Morgan County Commissioner Bob Ford was not in favor of banning trucks from U.S. 522.

"I truly believe to compare Route 17 to U.S. 522 is comparing heaven to hell," he said, drawing boos from the crowd.

Ford said he and the other commissioners went to Charleston, W.Va., to push the idea for a bypass around the town, and "we made it clear to Gov. (Joe) Manchin that we won't be banning trucks on U.S. 522." Ford said that U.S. 522 was the "safest highway in the state of West Virginia."

Jeanne Mozier, vice president of Travel Berkeley Springs, recently attended a tourist industry meeting, and the members said they wanted the trucks out of town, but "no one is certain the bypass is the solution," Mozier said.

"A third of the visitors will say, 'I have driven through your town and I promised myself I would come and visit, and that's why I'm here,'" Mozier said.

"Banning trucks is not the best way to go about it," said Daryl Coles of Coles & Son Construction in Berkeley Springs. "The local problem is too many cars. Build the bypass to solve the greater problem."

Mokhiber said the Federal Highway Administration recently said it was the West Virginia Department of Transportation's responsibility to establish operating criteria for trucks on U.S. 522.

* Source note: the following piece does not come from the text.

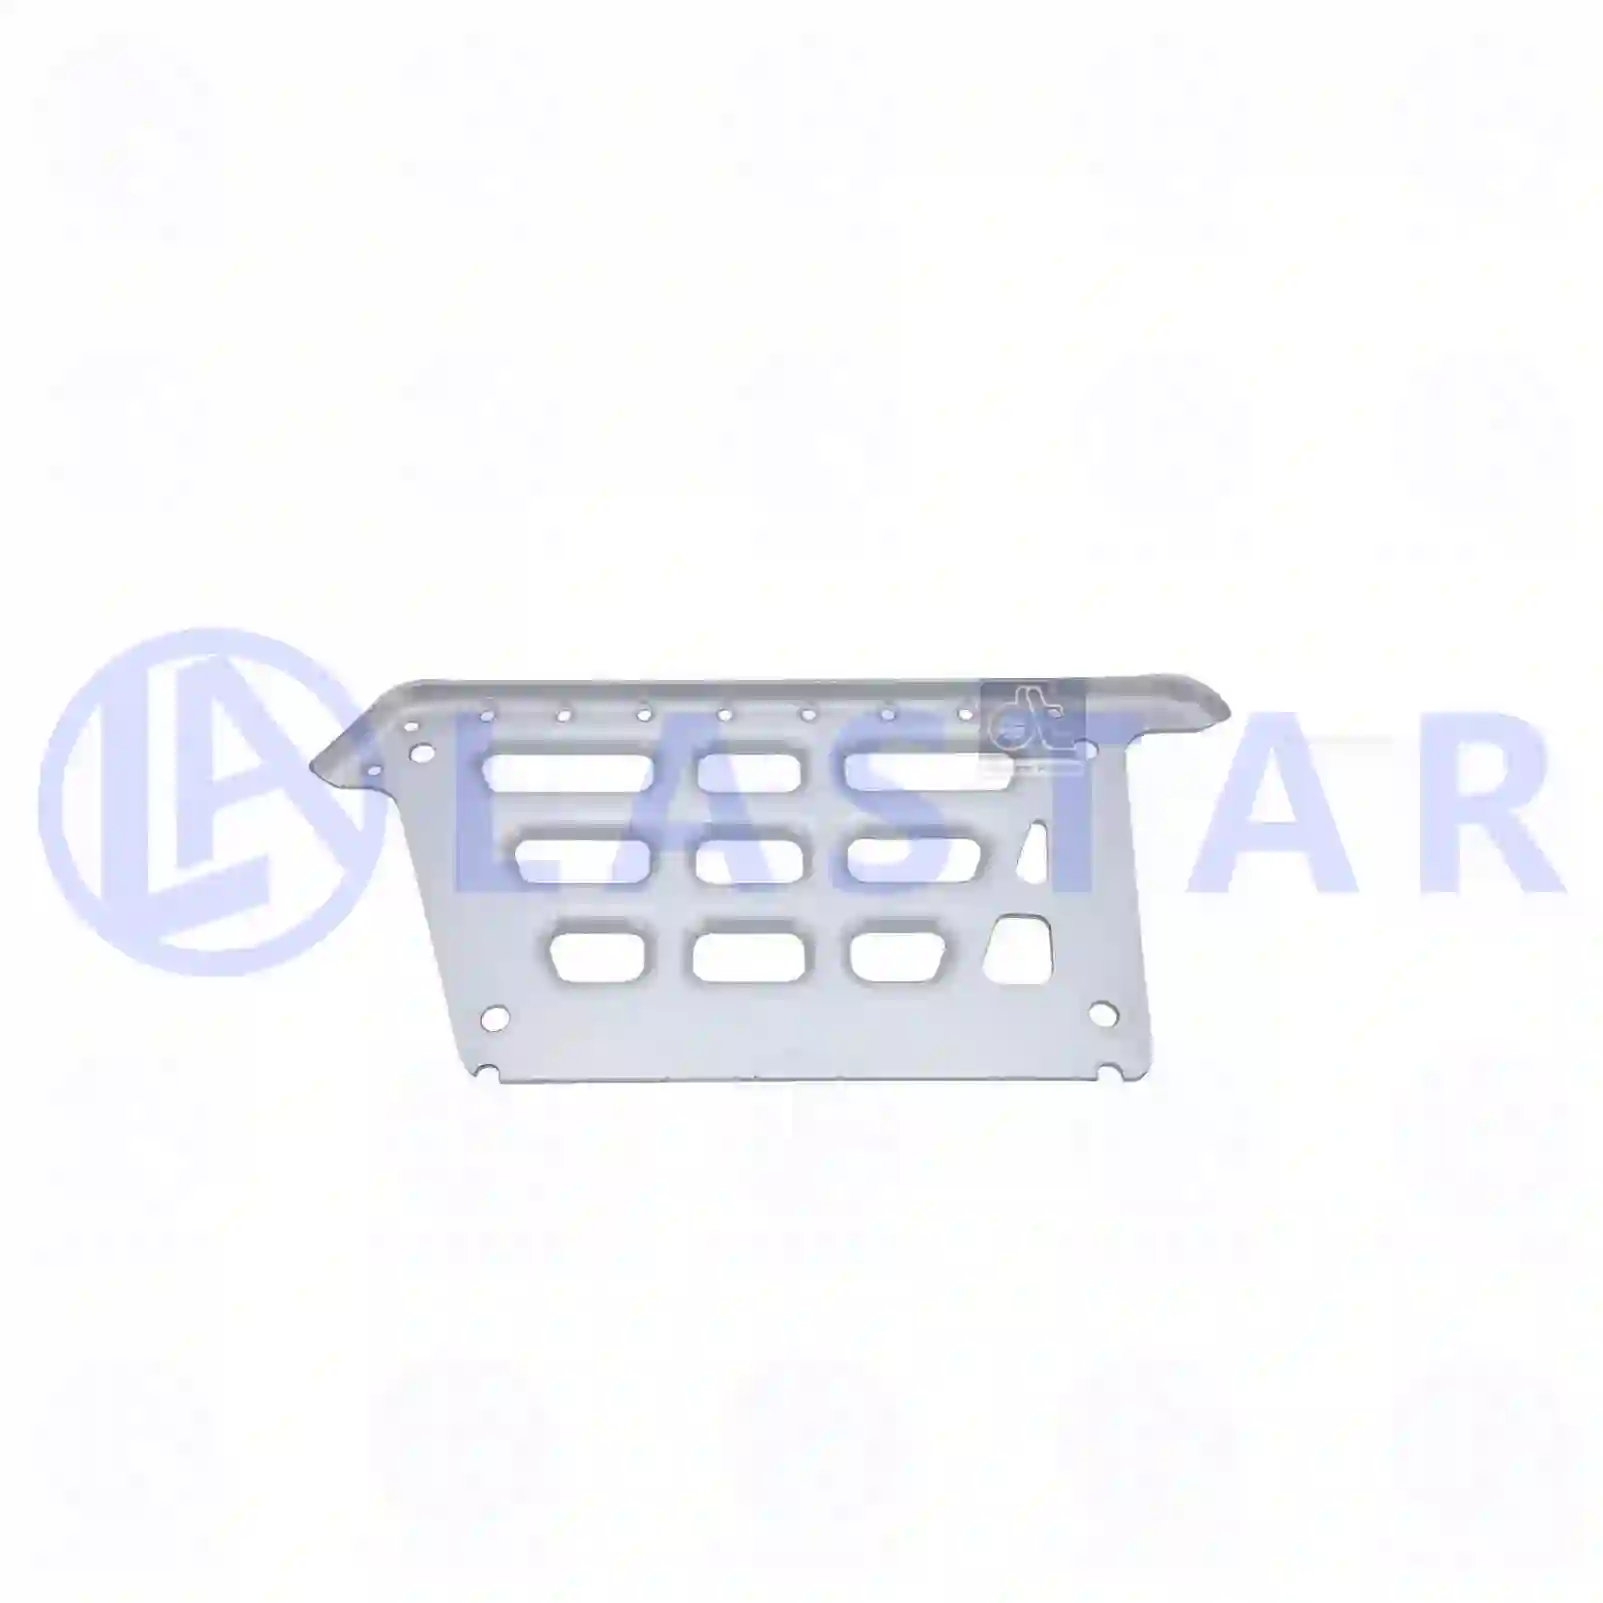 Step plate, right, 77718127, 8191827 ||  77718127 Lastar Spare Part | Truck Spare Parts, Auotomotive Spare Parts Step plate, right, 77718127, 8191827 ||  77718127 Lastar Spare Part | Truck Spare Parts, Auotomotive Spare Parts

He said the trucks use the highway as the quickest route to and from Interstates 81 and 70. Mokhiber said there have been "near misses of bad accidents involving big trucks" using U.S. 522. According to the state of West Virginia, five of nine fatalities on U.S. 522 that occurred in the last three years involved large trucks.

He said the added interstate distance from I-81 to I-70 was about 10 to 15 minutes more driving the speed limit.

Local trucks or trucks making local deliveries will not be affected by the ban, he said.